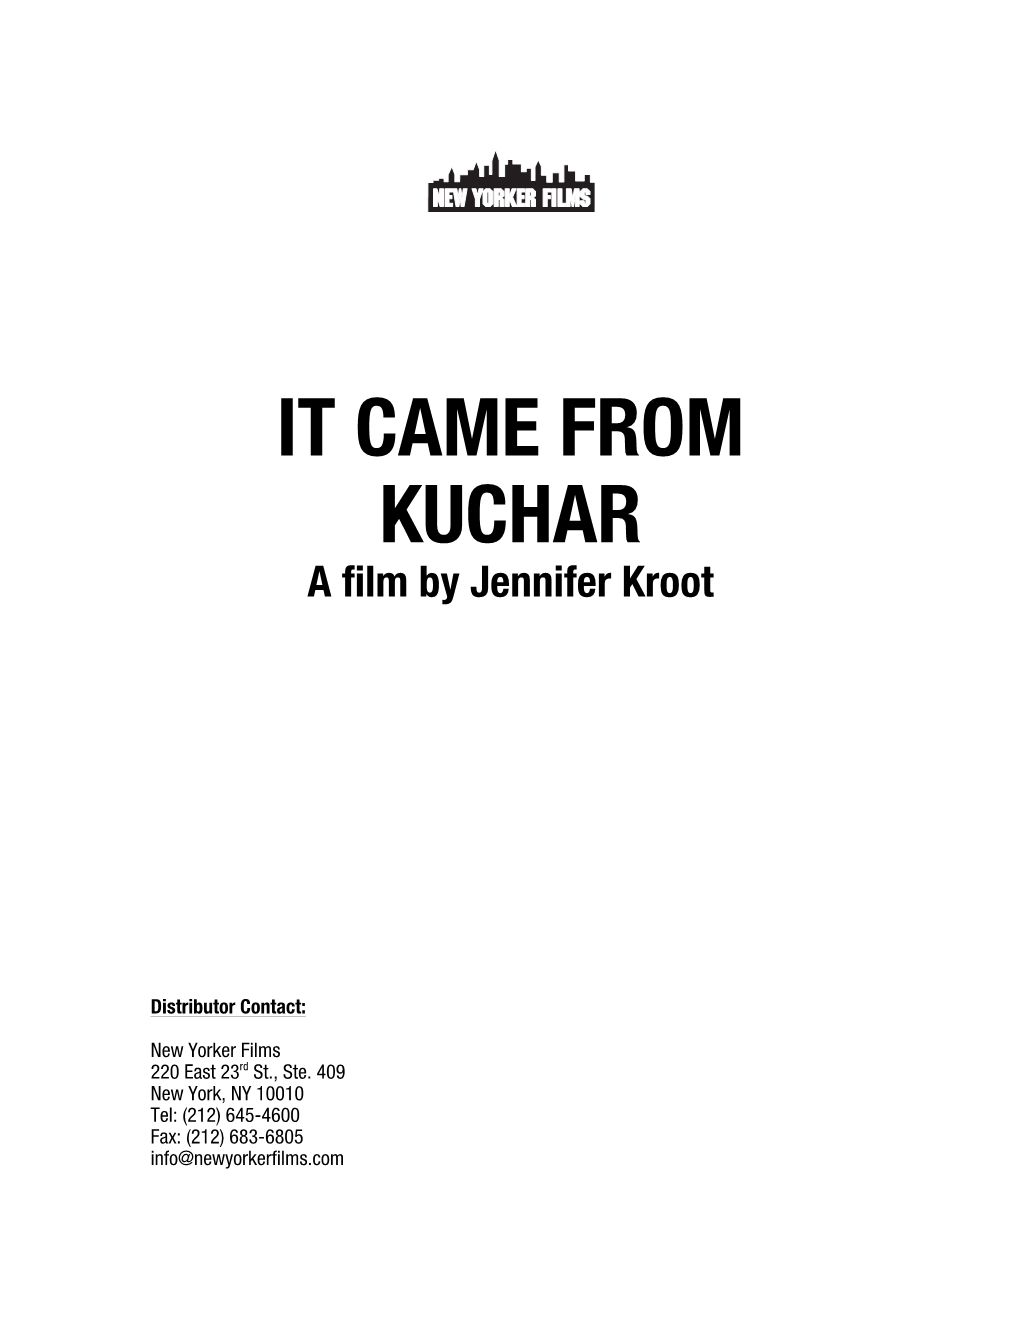 IT CAME from KUCHAR Is a Hilarious and Touching Story of Artistic Obsession, Compulsion and Inspiration
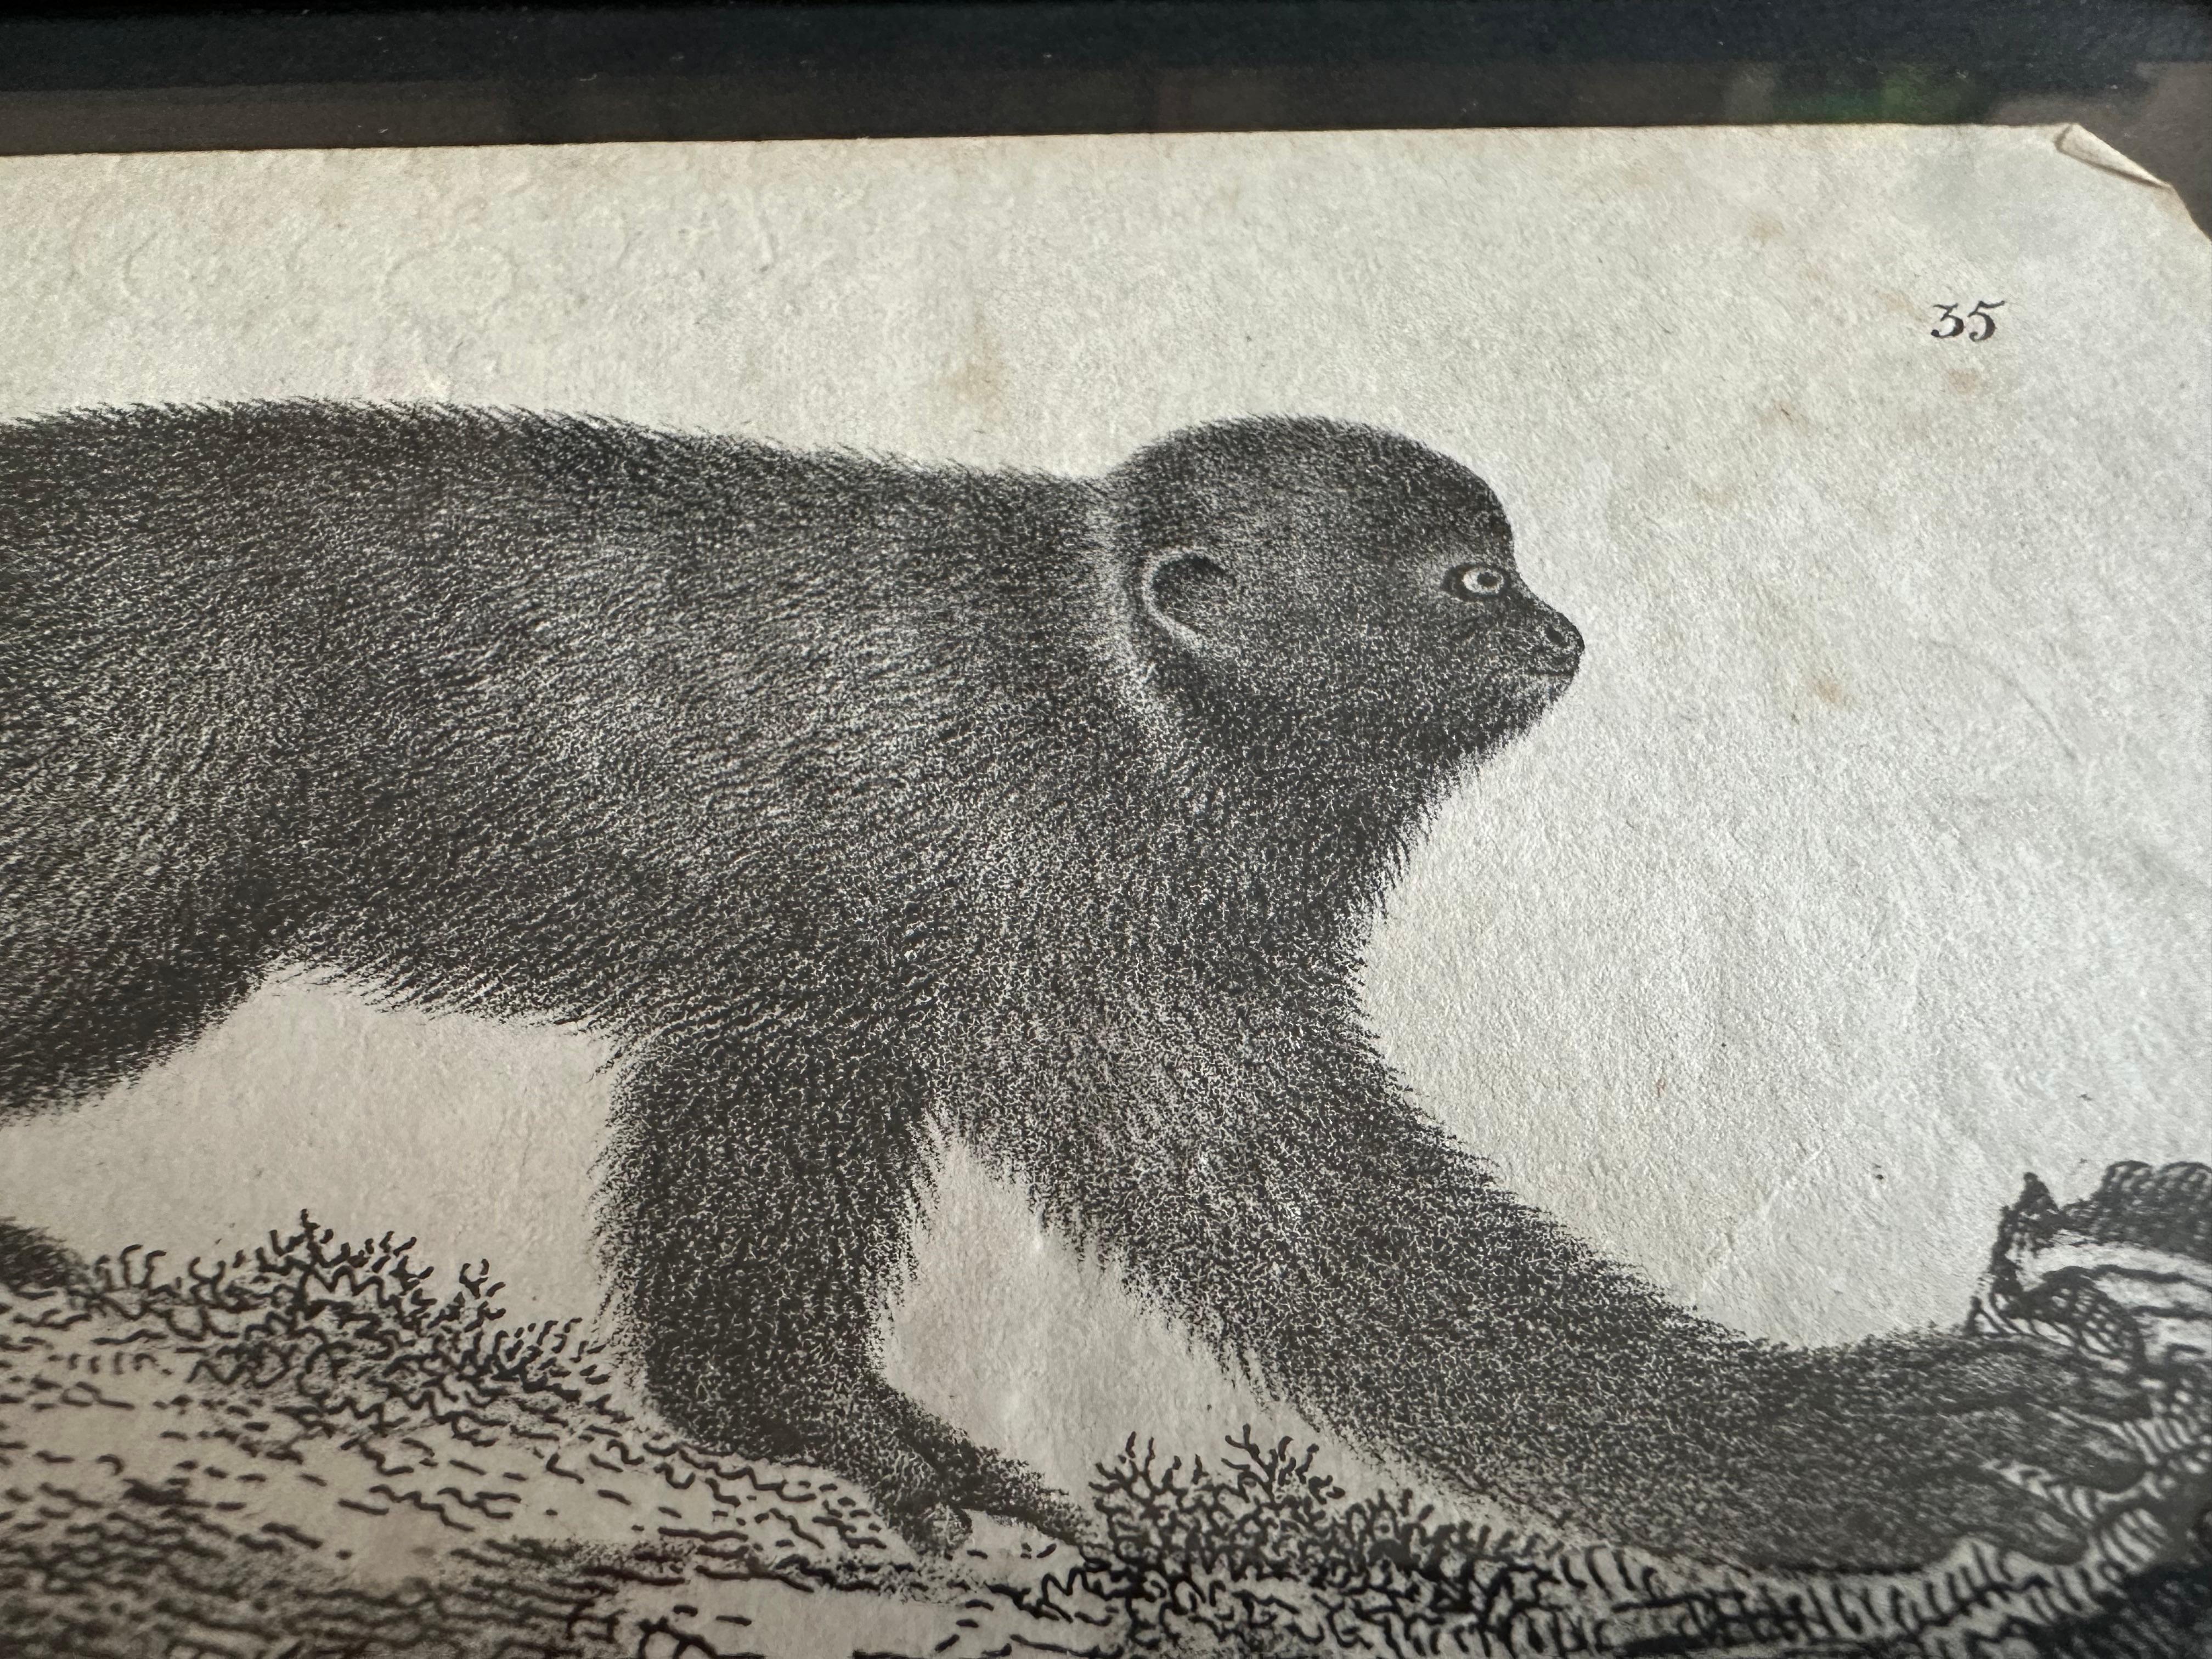 Zoological Original Lithograph Featuring a Monkey from 1831-35 For Sale 3
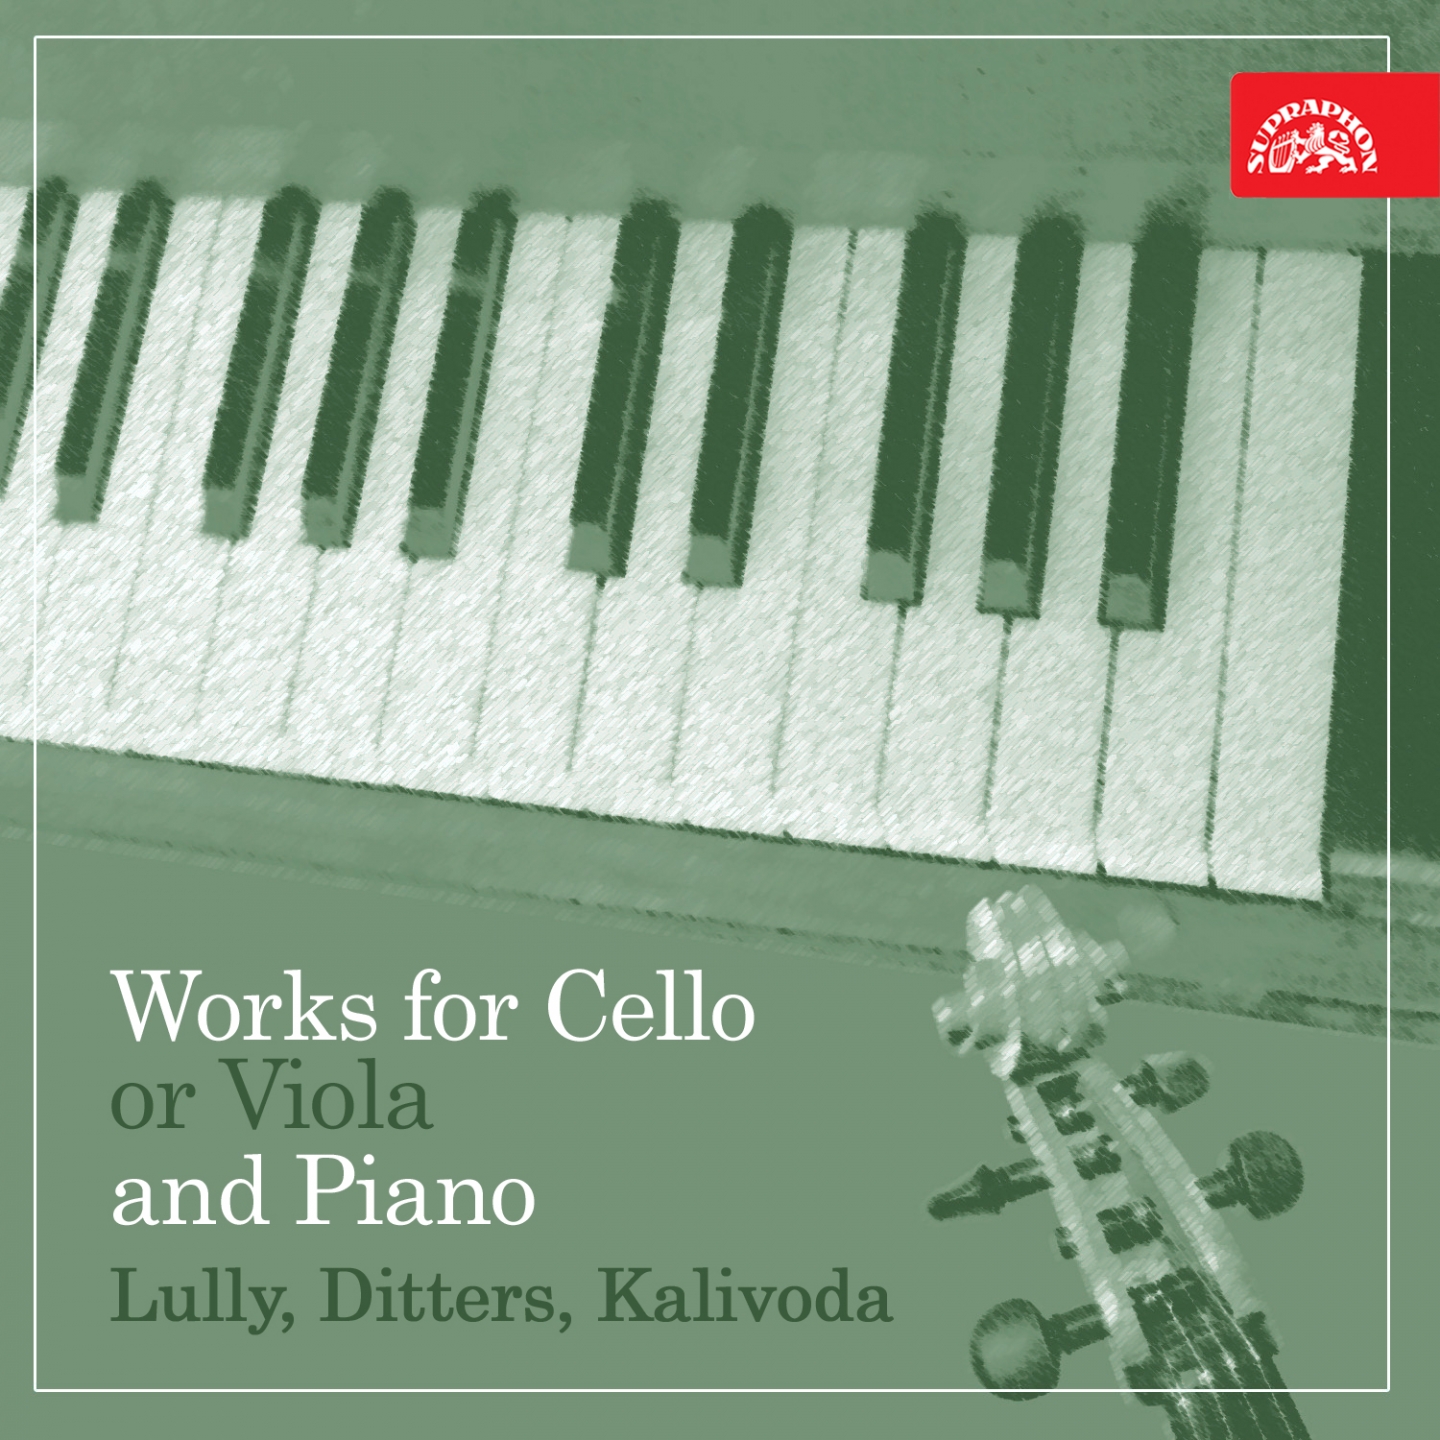 Nocturne for Viola and Piano, Op. 186, .: No. 1 Larghetto
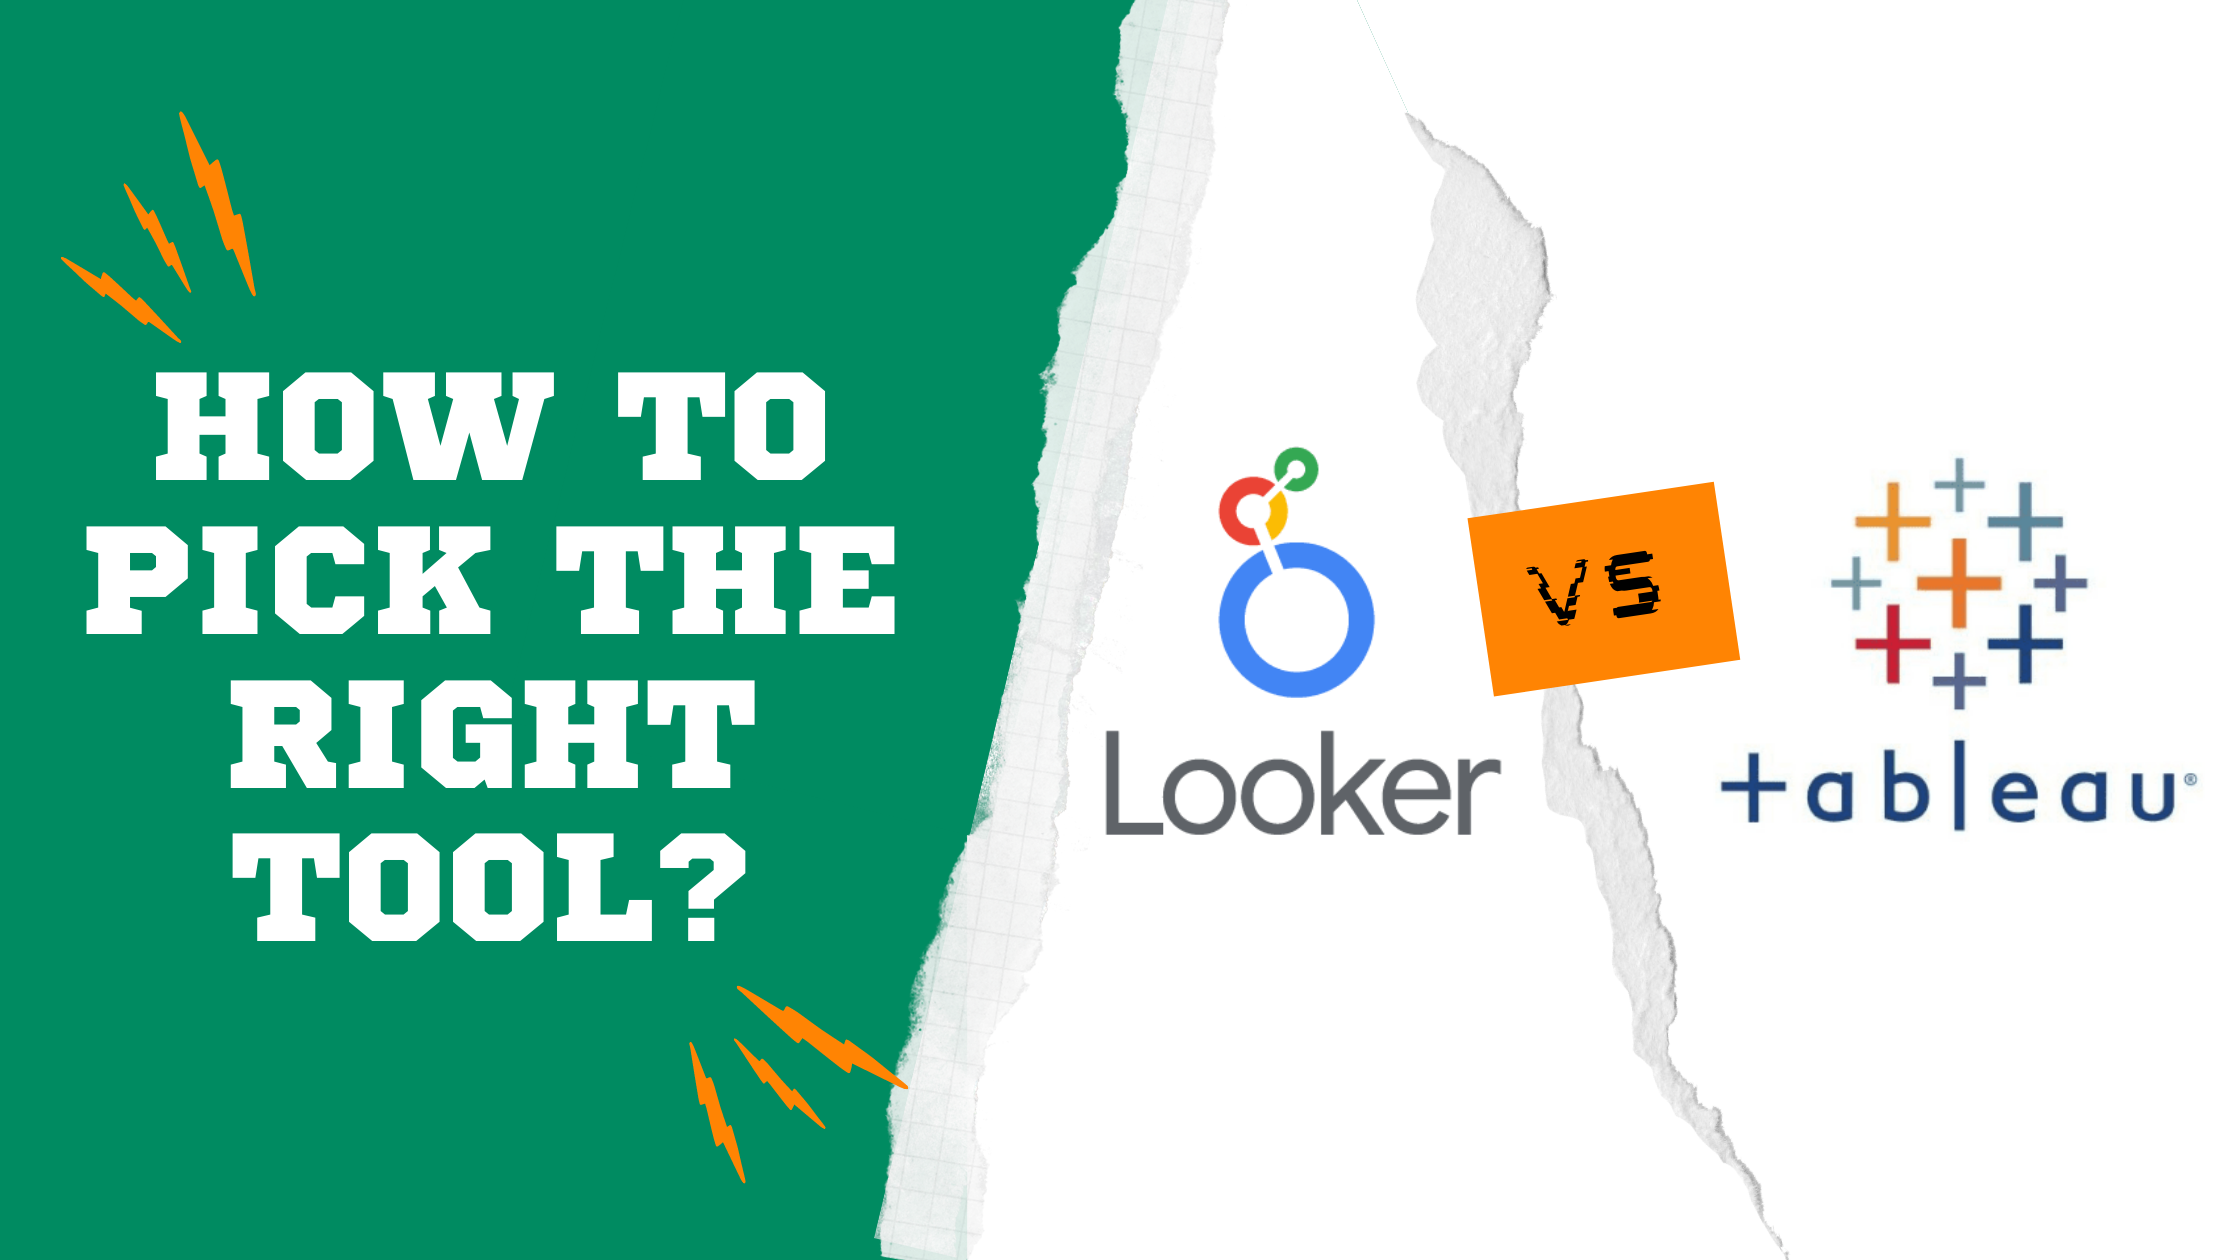 Looker VS Tableau: A Comparative Analysis to Help You Pick the Right Tool

- [Activity]:
Reproduce word for word the lines running from the line with "Nocturne for Viola" through the end of the data, both included, and nothing else; leave out the pictures.

- [Answer]:
 Nocturne for Viola and Piano, Op. 186, .: No. 1 Larghetto
 Looker VS Tableau: A Comparative Analysis to Help You Pick the Right Tool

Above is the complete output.